Personal information
- Full name: Aleksandr Gennadyevich Anyukov
- Date of birth: 28 September 1982 (age 43)
- Place of birth: Kuibyshev, Soviet Union
- Height: 1.78 m (5 ft 10 in)
- Position: Right back

Team information
- Current team: FC Zenit Saint Petersburg (assistant coach)

Senior career*
- Years: Team / Apps / (Gls)
- 2000: Krylia Sovetov-2 Samara / 18 / (1)
- 2000–2005: Krylia Sovetov Samara / 71 / (3)
- 2005–2020: Zenit St. Petersburg / 272 / (11)
- 2018: → Zenit-2 St. Petersburg / 6 / (1)
- 2019–2020: → Krylia Sovetov Samara (loan) / 18 / (0)

International career
- 2003: Russia U-21 / 4 / (0)
- 2003: Russia-2 / 2 / (0)
- 2004–2013: Russia / 79 / (1)

Managerial career
- 2019: FC Zenit Saint Petersburg (assistant)
- 2020–: FC Zenit Saint Petersburg (assistant)

= Aleksandr Anyukov =

Russian footballer

Aleksandr Gennadyevich Anyukov (Александр Геннадьевич Анюков; born 28 September 1982) is a Russian association football coach and a former player, who played as a right-back. He is an assistant coach with FC Zenit Saint Petersburg.
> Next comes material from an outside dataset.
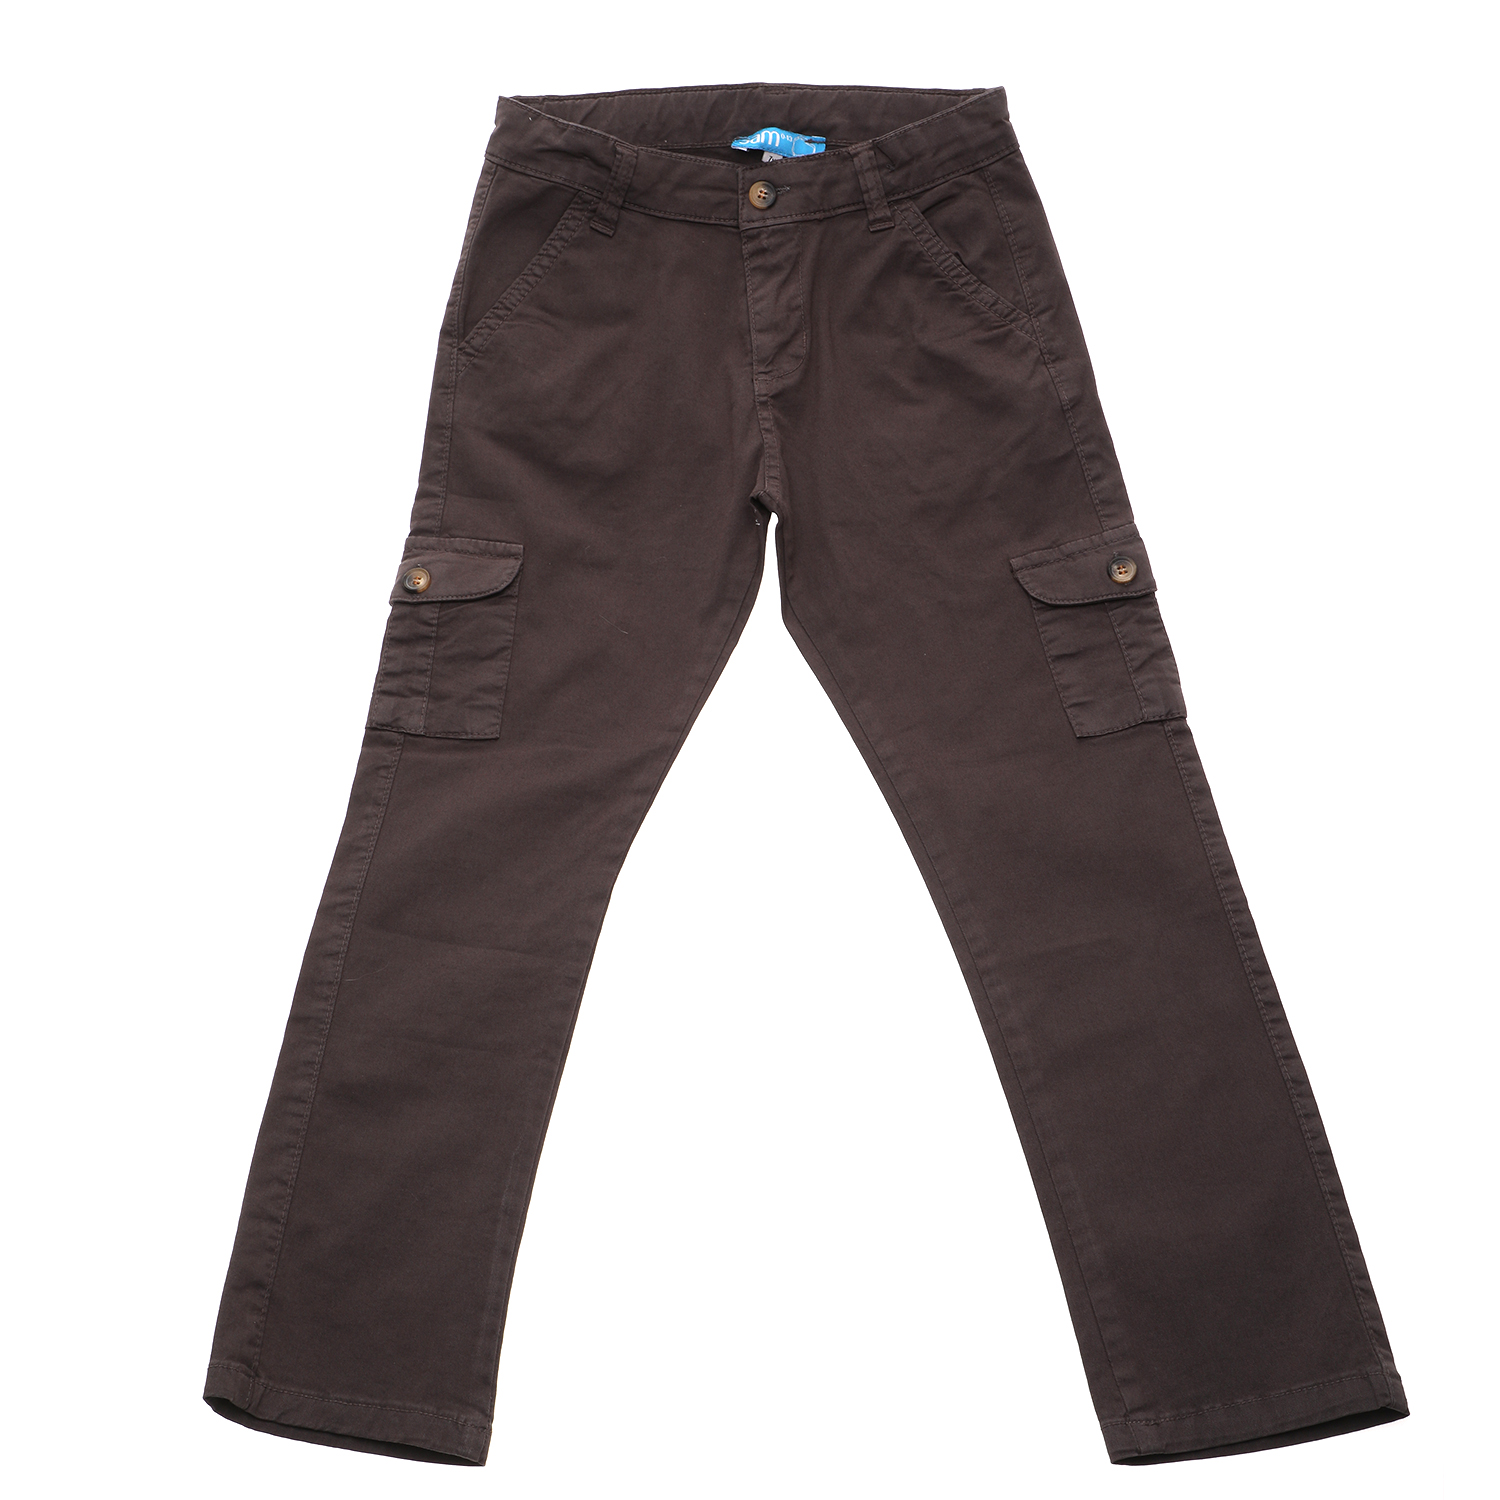 Παιδικά/Boys/Ρούχα/Παντελόνια SAM 0-13 - Παιδικό παντελόνι cargo SAM 0-13 χακί

He made his senior debut in 2004, represented his nation for two European Championships and earned over 70 international appearances. He won the Russian Premier League with Zenit Saint Petersburg 5 times.

== Club career ==
Aleksandr Anyukov attended football school in Samara since the age of six. In 2000, he started playing for the reserve team of Krylia Sovetov Samara in the Second Division. He was noticed by Aleksandr Tarkhanov and invited to the first team. Anyukov debuted in the Russian Premier League on 14 October 2000 in a match against Zenit Saint Petersburg. He has played in Krylia Sovetov until mid-2005. During this time he became an international player. He has also appeared at Euro 2004.

In July 2005 Anyukov transferred to Zenit Saint Petersburg. He reached the quarterfinal of UEFA Cup 2005-06 and then won the UEFA Cup 2007-08 with them.

On 25 June 2019, Zenit announced that Anyukov has joined the team's coaching staff. On 14 July 2019 Anyukov came out of retirement to join Krylia Sovetov Samara on loan for the 2019–20 season.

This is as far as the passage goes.